Informasi yang dihimpun menyebutkan, mobil tersebut semula disita sebagai barang bukti dalam laporan penggelapan kendaraan kredit. Namun setelah proses hukum mendadak dihentikan dan pelaku bebas begitu saja, keberadaan mobil itu justru seperti lenyap tanpa jejak.
Pemilik mobil yang enggan disebut namanya mengaku telah berkali-kali meminta kejelasan. Namun ia hanya menerima jawaban yang berubah-ubah dari pihak kepolisian.
“Yang saya mau cuma mobil saya kembali. Pelaku sudah bebas, katanya semua sudah ‘beres’ setelah kasih uang ke penyidik. Tapi mobil saya sampai sekarang tidak jelas nasibnya,” ujarnya Kamis (13/11/2025).
Isu pemberian uang puluhan juta untuk menghentikan proses hukum ini semakin memperkuat dugaan adanya penyimpangan prosedur dan lemahnya integritas penanganan perkara. Bagi publik, rangkaian kejadian ini menunjukkan betapa rapuhnya sistem penegakan hukum ketika aparat justru diduga ikut bermain.
Pengamat kepolisian dari Institute for Police Reform (IPR), Ahmad Rofiq, menilai kasus ini merupakan cerminan buruknya pengawasan internal di tubuh Polri, terutama pada perkara yang melibatkan aset berharga.
“Jika pelaku sudah dibebaskan, barang bukti mestinya dikembalikan kepada pihak yang berhak.
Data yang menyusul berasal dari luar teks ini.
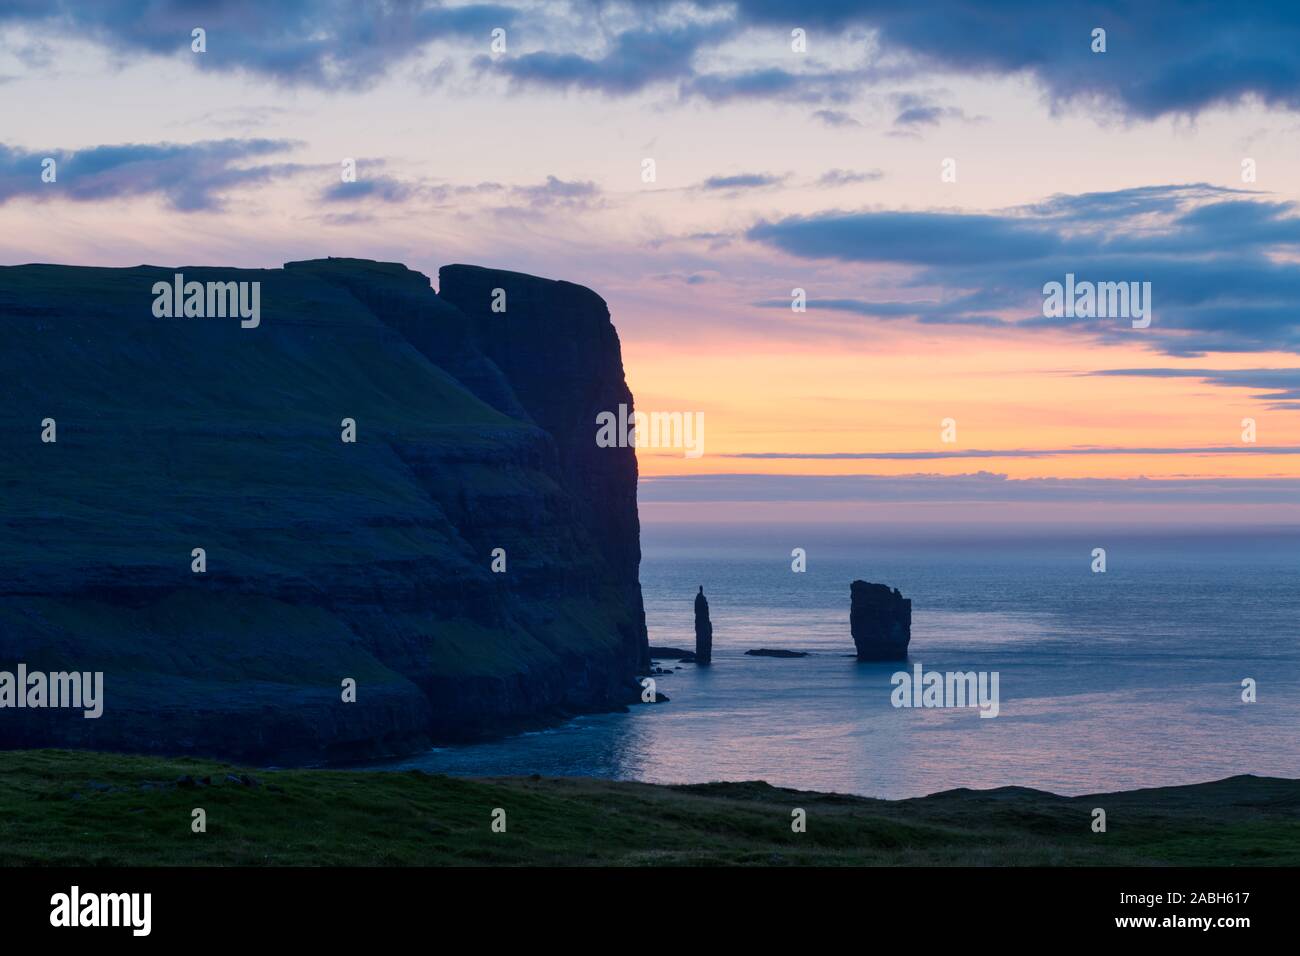 Sunrise incredibile vista la mattina su Risin og Kellingin scogliere in oceano Atlantico, Eysturoy isola, isole Faerøer, Danimarca. Fotografia di paesaggi Foto Stock

Ketika mobilnya malah menghilang dan tidak ada dasar hukum yang jelas, ini menunjukkan ada sesuatu yang tidak beres. Propam wajib turun melakukan audit etik,” tegas Rofiq.
Ia menambahkan, dugaan transaksi puluhan juta untuk menghentikan proses hukum bukan hal yang bisa dianggap sepele. Menurutnya, Polda Jatim maupun Divisi Propam Mabes Polri harus segera melakukan pemeriksaan menyeluruh, karena praktik seperti ini bertentangan dengan prinsip akuntabilitas dan reformasi Polri.
“Hukum akan terlihat amburadul kalau aparat bisa disuap untuk menghentikan perkara. Jika ini dibiarkan, publik akan semakin yakin bahwa proses hukum di Indonesia bisa dibeli,” ujarnya.
Hingga berita ini diturunkan, Polresta Sidoarjo belum memberikan penjelasan resmi terkait hilangnya mobil barang bukti maupun dugaan transaksi yang membuat pelaku bebas.
Rofiq mendorong agar inspektorat pengawasan internal bergerak cepat memastikan bahwa setiap barang bukti dikelola secara transparan dan tidak ada ruang bagi manipulasi.
“Kasus ini mungkin kecil, tetapi dampaknya besar terhadap kepercayaan publik. Jika mobil barang bukti saja bisa hilang begitu saja, bagaimana masyarakat bisa percaya pada penegakan hukum yang adil?” tandasnya.